Cargo dependencies are deliberately excluded from Dependabot: the combination of Cargo.lock plus daily cargo audit already covers the security angle, and the volume of patch bumps Dependabot would generate on a 200+ crate workspace pays off poorly for a project of this size. Cargo updates are handled manually via cargo update when needed.

Verification commands

Run these at any time to audit the repository's pinning posture:

bash
# 1. Find any GitHub Action whose ref is NOT a 40-char SHA. Expected: 0 hits.
#    Matches anything after `@` that isn't 40 hex characters: semver tags,
#    branch names, `latest`, `HEAD`, custom refs like `release-1.2`.
grep -rnE 'uses:[[:space:]]+[^@]+@[^[:space:]#]+' .github/workflows/ \
  | grep -vE 'uses:[[:space:]]+[^@]+@[a-f0-9]{40}([[:space:]]|$)'

# 2. Find any FROM line in a Dockerfile that is not digest-pinned.
#    Expected: only `FROM scratch` and explicit digests.
grep -rnE '^FROM[[:space:]]+[^@]+:[^@]+$' \
  Dockerfile* charts/*/Dockerfile* 2>/dev/null

# 3. Run cargo audit. Expected: only the documented ignores fire.
cargo audit

# 4. Inspect actions permissions on the repo. Expected: enabled and
#    `selected` (not `all`). Requires gh CLI authenticated.
gh api repos/robintra/perf-sentinel/actions/permissions

Bumping a pin manually

Dependabot handles the routine bumps.
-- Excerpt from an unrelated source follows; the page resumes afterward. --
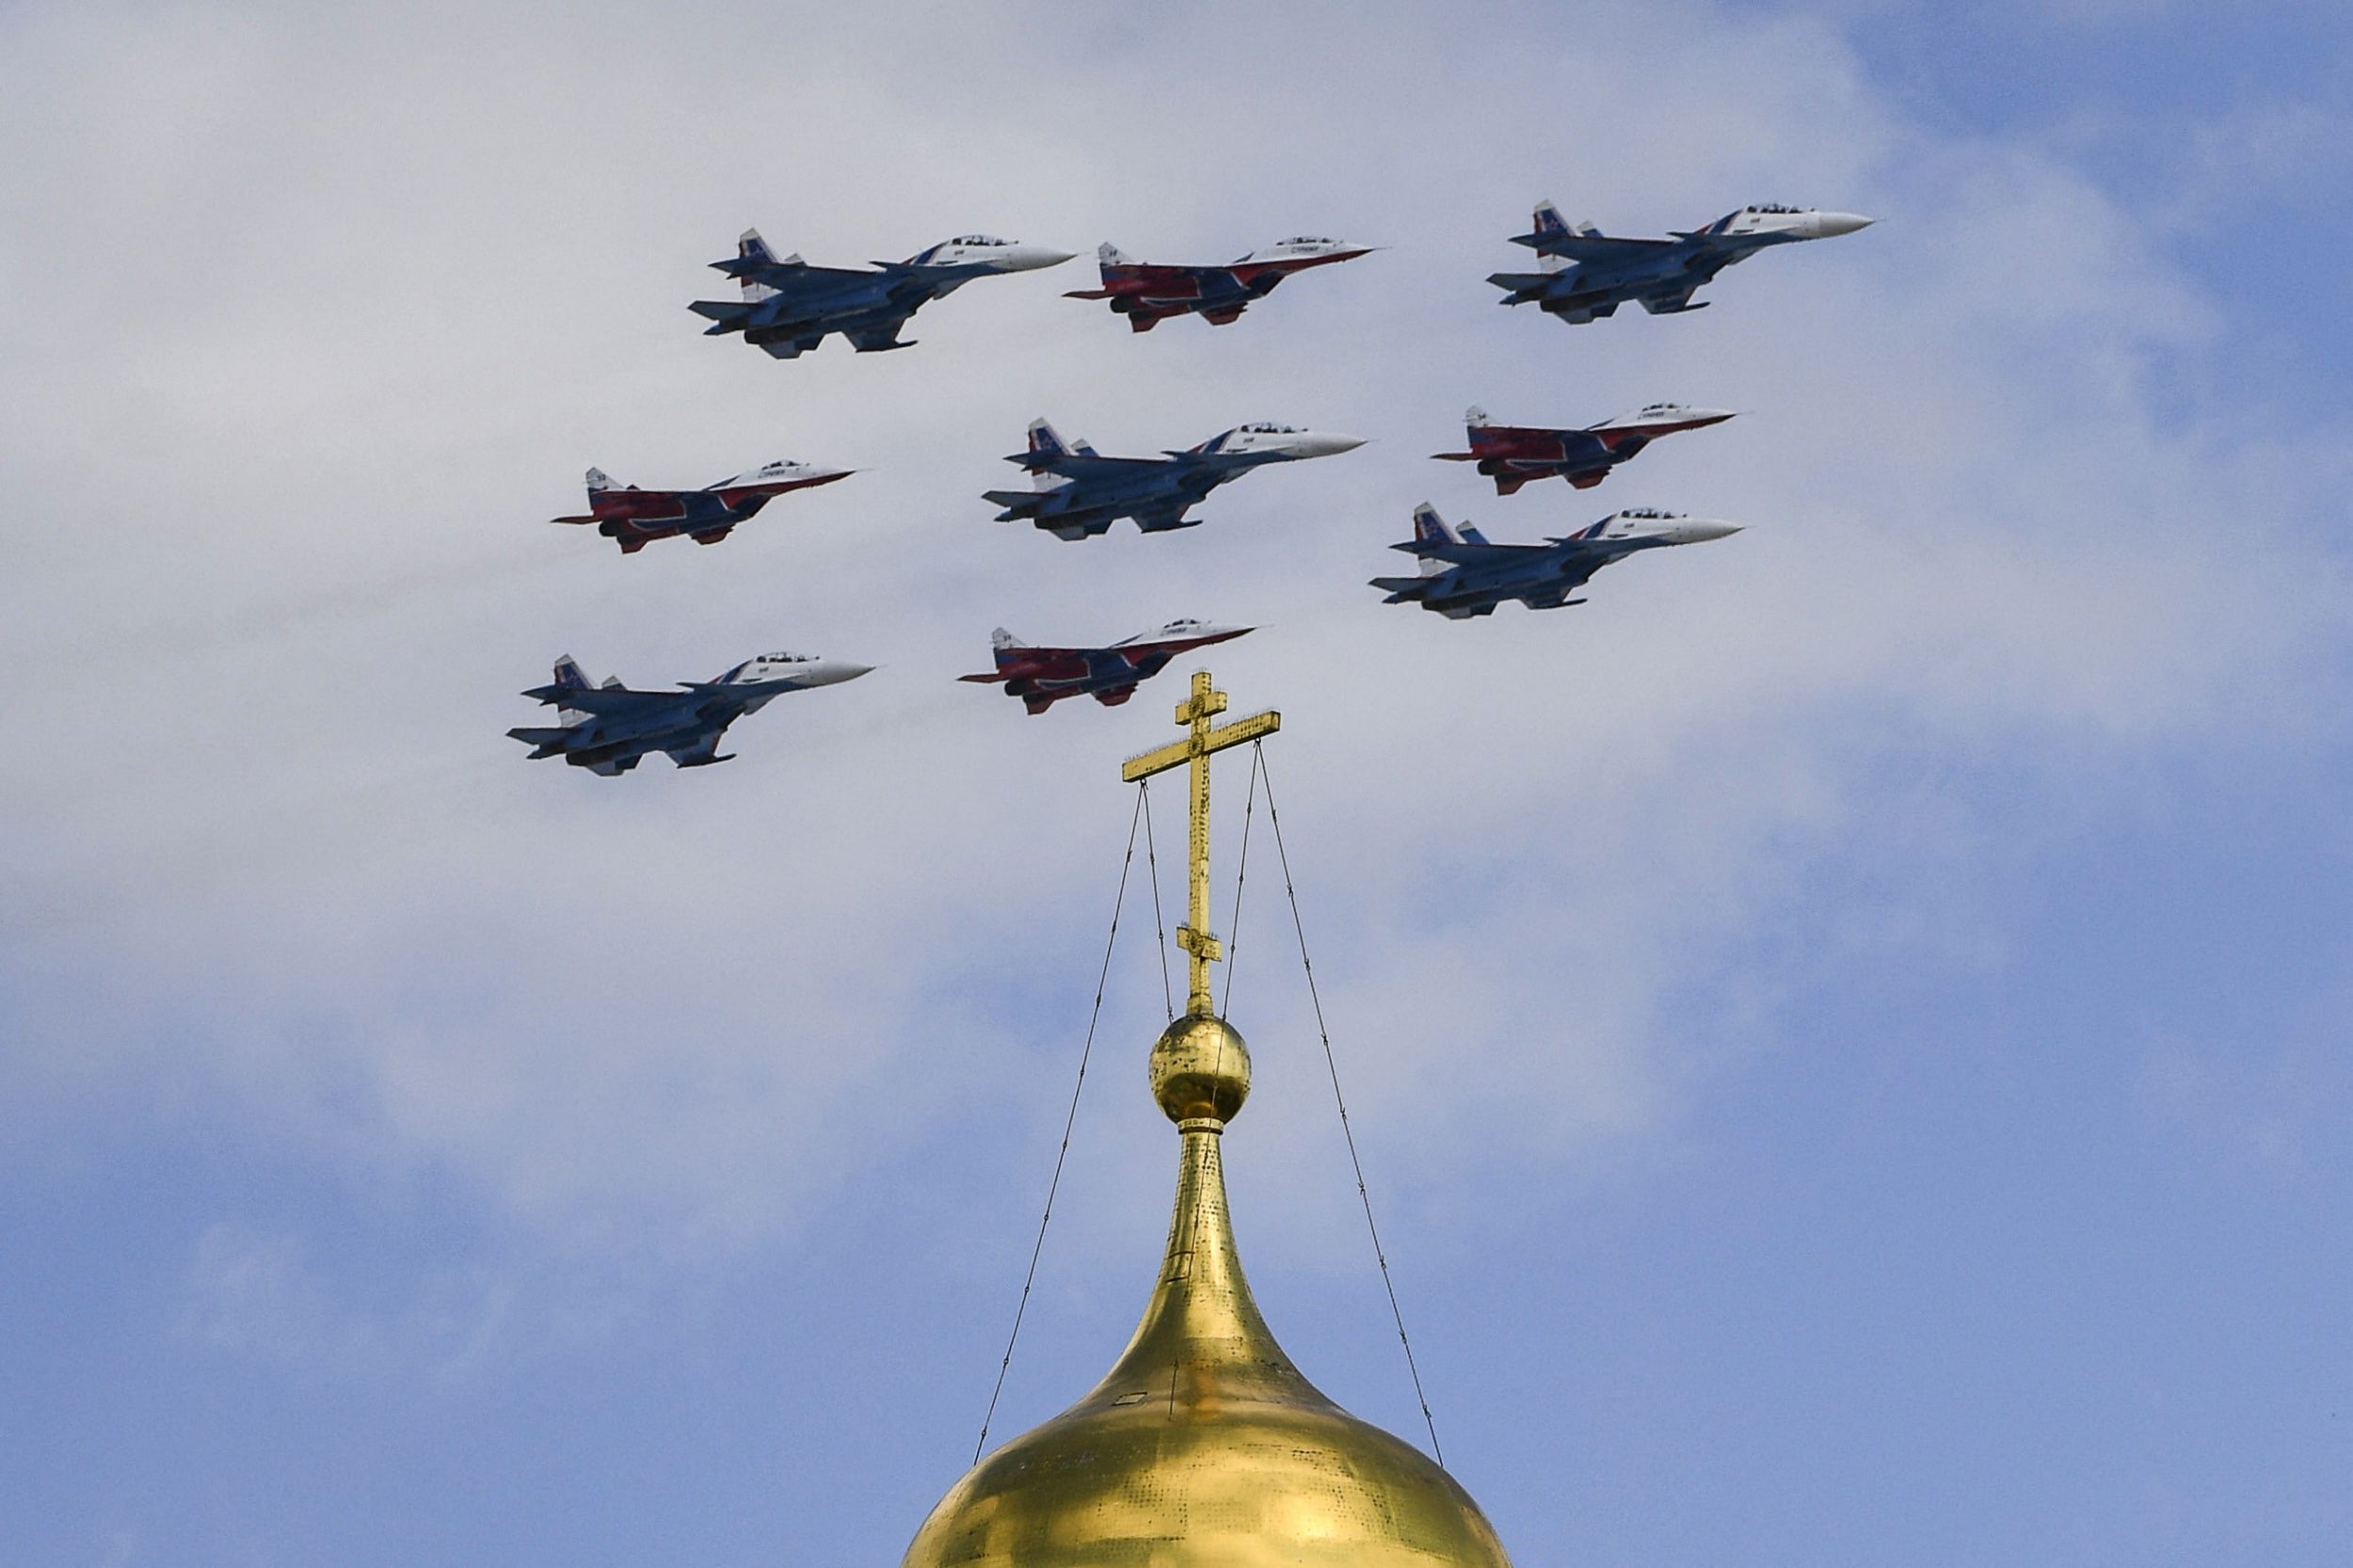 Aviónes de combate rusos MiG-29 participan en un despliegue aéreo

When you need to do it by hand (security update outside the weekly cycle, or a new action that Dependabot has not yet picked up), resolve the SHA via the GitHub API:

bash
# Resolve the SHA for a given semver tag of a published action.
TAG="v6.0.2"
gh api repos/actions/checkout/git/ref/tags/${TAG} --jq '.object.sha'

Then update the workflow:

yaml
- uses: actions/checkout@<the-sha-you-just-resolved>  # v6.0.2

Always update the trailing comment to match the new tag. A SHA with a stale comment is worse than no comment.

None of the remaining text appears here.